Nuclear Reaction
Definition and meaning of Nuclear Reaction in chemistry.
A nuclear reaction is a process in which two nuclei or a nucleus and a subatomic particle collide and transform into different nuclei or particles. These reactions differ fundamentally from chemical reactions because they involve the nucleus and can transmute one element into another.
In more detail
Nuclear reactions are governed primarily by the strong nuclear force, though certain processes such as beta decay are instead mediated by the weak nuclear force. These reactions release or absorb energy according to E=mc2, where the energy derives from the conversion of mass. They occur naturally through radioactive decay and can also be induced in laboratories. All nuclear reactions conserve both mass number and atomic number. The most energetically significant types are fission (a nucleus splitting) and fusion (nuclei combining), which power nuclear reactors and stars, respectively.
Key facts
| Field | Physical Chemistry |
|---|---|
| Example reaction | U-235 + neutron → Ba-141 + Kr-92 + 3 neutrons |
| Energy source | mass converted to energy via E=mc2 |
| Governing force | strong and weak nuclear forces, depending on the process |
When uranium-235 absorbs a neutron, it undergoes fission, producing barium-141 and krypton-92 while releasing three neutrons and approximately 200 million electron volts of energy.

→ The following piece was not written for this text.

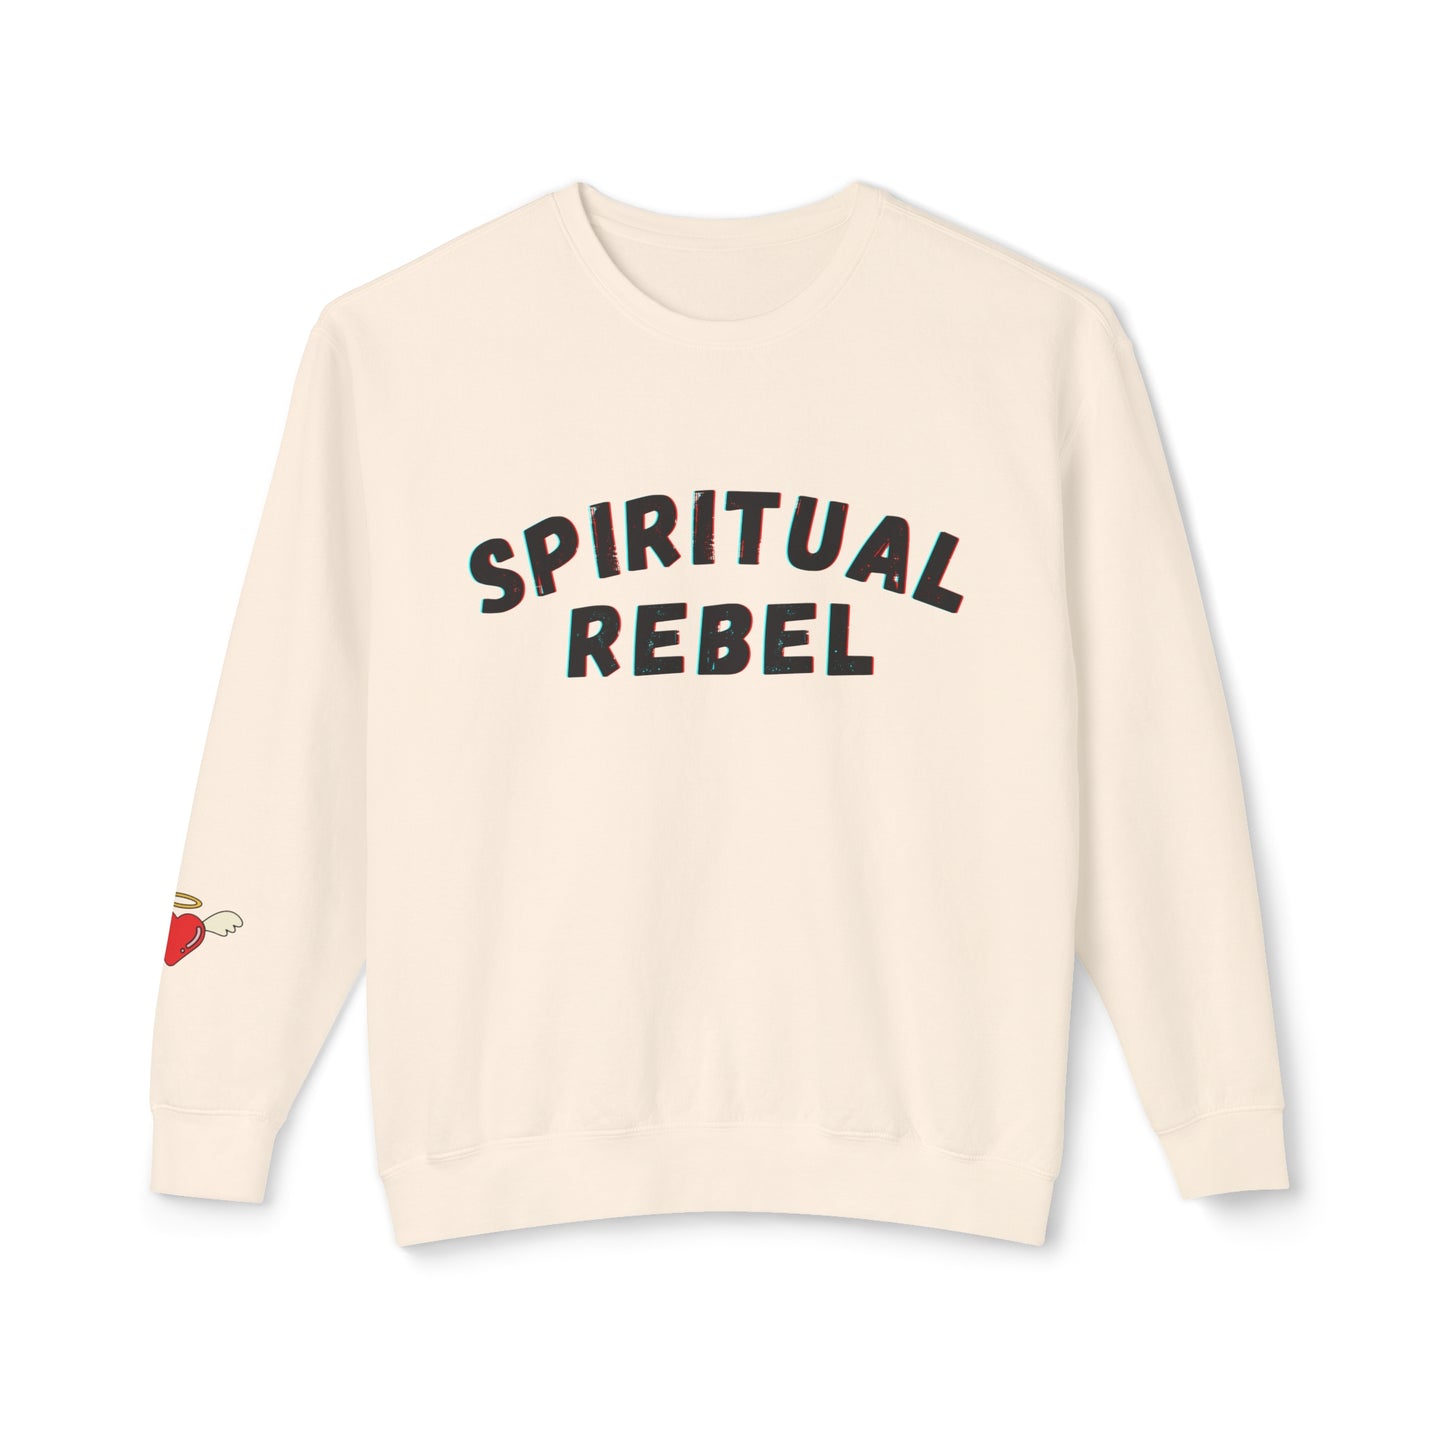 SPIRITUAL REBEL Unisex Lightweight Crewneck Sweatshirt
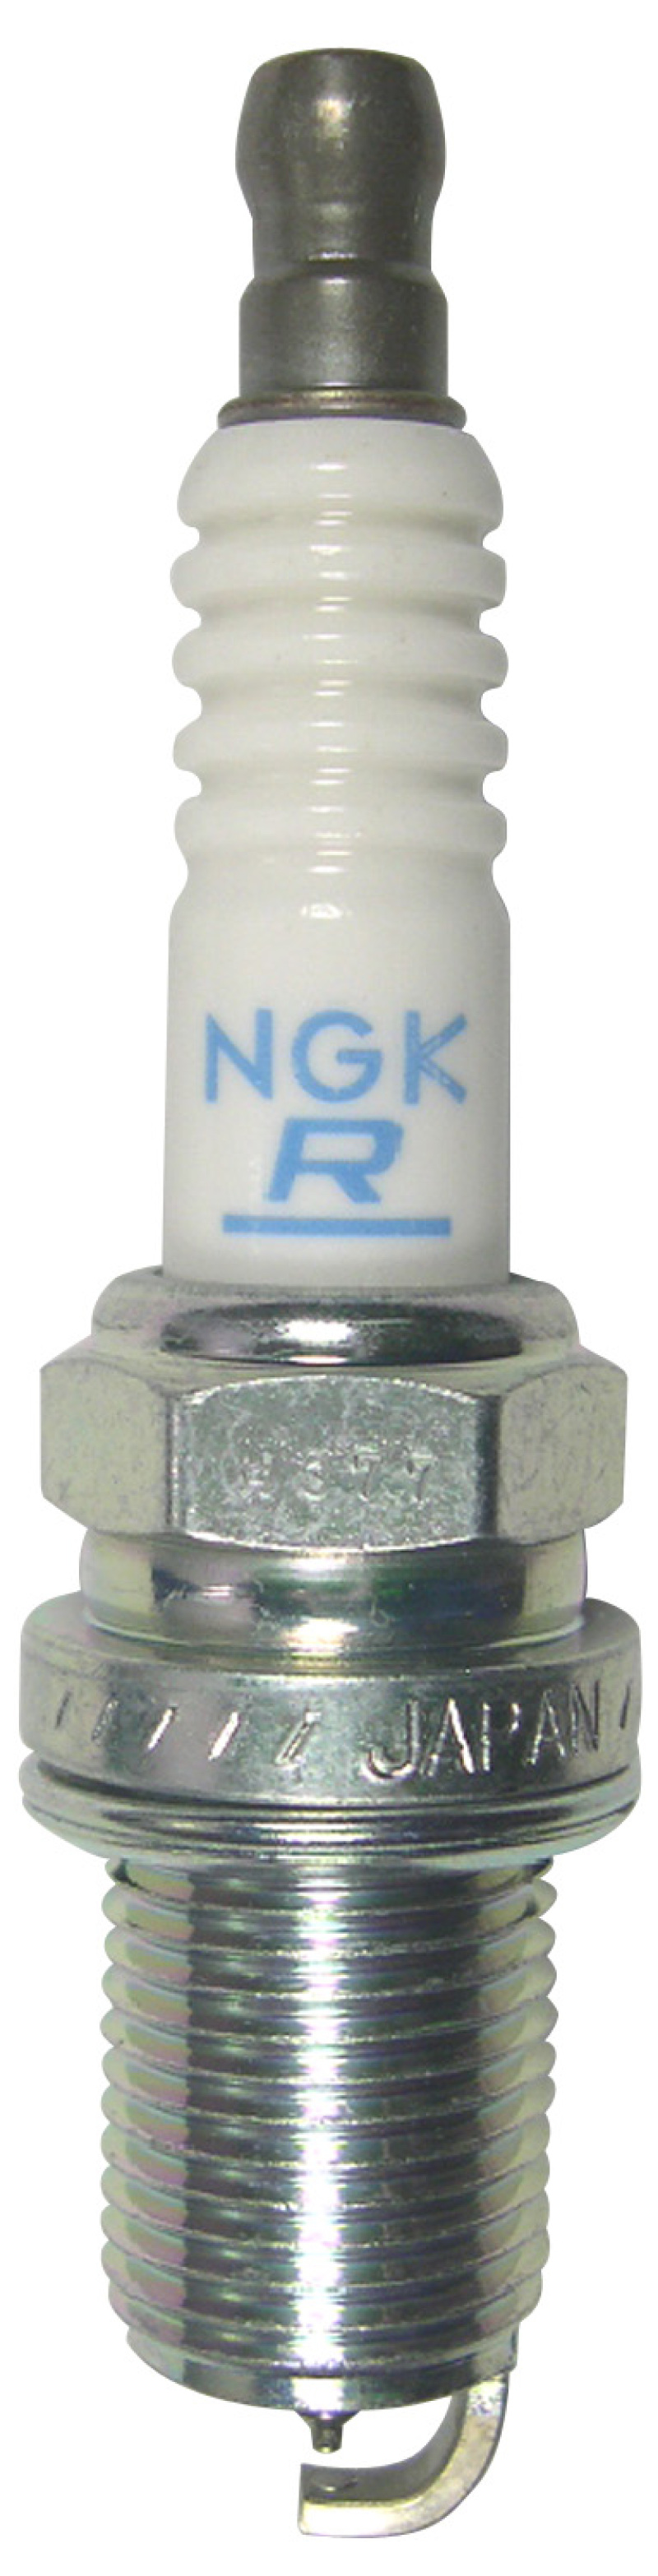 NGK Multi-Ground Spark Plug Box of 4 (PPFR6T-10G) - 5542

Frequently asked questions
How does a nuclear reaction differ from a chemical reaction?
Nuclear reactions involve the nucleus and can change elements, while chemical reactions only involve electrons and preserve elements. Nuclear reactions release millions of times more energy.
What conservation laws apply to nuclear reactions?
The mass number (total nucleons) and atomic number (total protons) must be equal before and after the reaction, ensuring charge and nucleon conservation.